Member of the Wisconsin State Assembly from the 57th district
- In office January 3, 2015 – January 4, 2021
- Preceded by: Penny Bernard Schaber
- Succeeded by: Lee Snodgrass

Personal details
- Born: December 16, 1982 (age 43) Appleton, Wisconsin, U.S.
- Party: Democratic
- Education: University of Wisconsin, Oshkosh (BA, MPA)
- Website: Government website Campaign website

= Amanda Stuck =

American politician (born 1982)

Amanda Mariah Stuck (born December 16, 1982) is an American politician. A Democrat, she was a member of the Wisconsin State Assembly from 2015 to 2021, and was an unsuccessful candidate for United States House of Representatives in 2020.
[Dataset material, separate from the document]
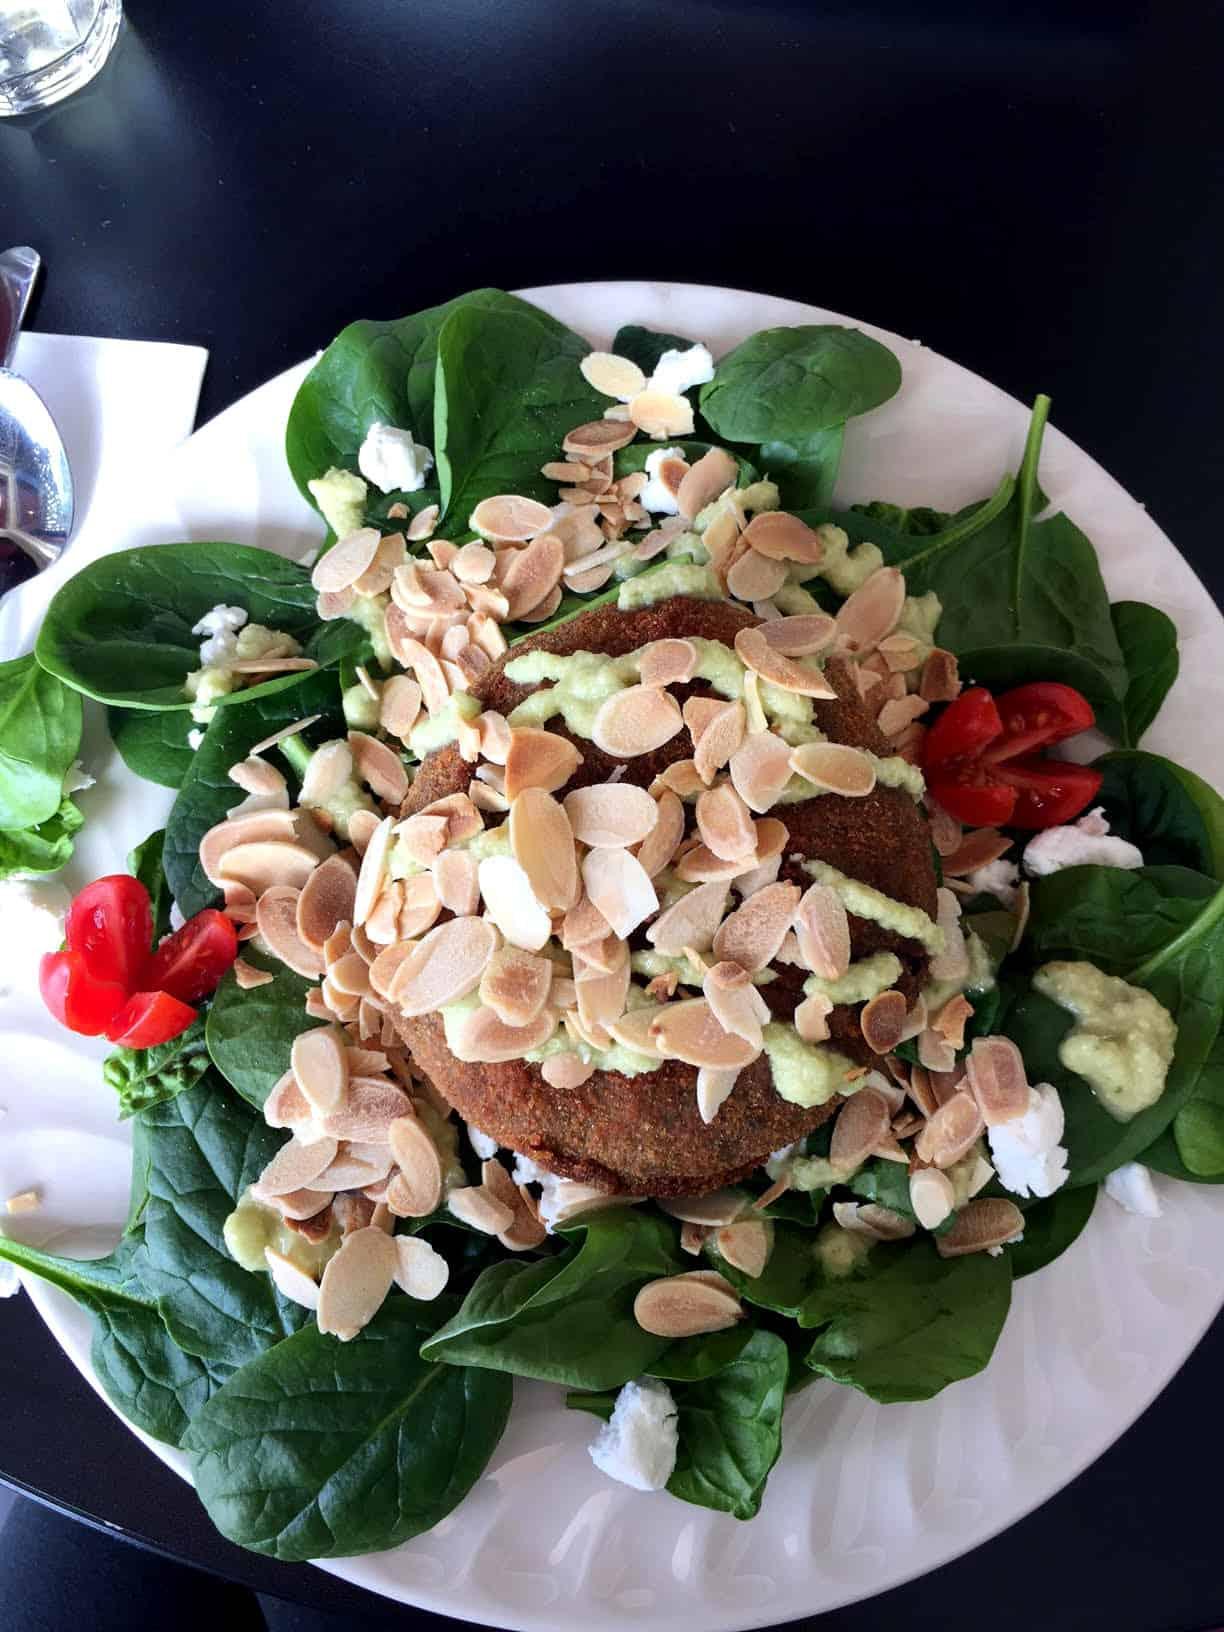 Restaurant Review: Cold Mountain Café (Bethlehem, NH)

==Early life and education==
Stuck was born on December 16, 1982, in Appleton, Wisconsin, and attended Appleton North High School. She received her Bachelor of Arts degree in Political Science and Master of Public Administration from the University of Wisconsin-Oshkosh.

== Career ==
Stuck was a rural mail carrier and worked at the Appleton Housing Authority. She was also an aide to former Congressman Steve Kagen.

On November 4, 2014, Stuck was elected to the Wisconsin State Assembly as a Democrat, succeeding Penny Bernard Schaber. In 2016 and 2018 Stuck ran unopposed for re-election.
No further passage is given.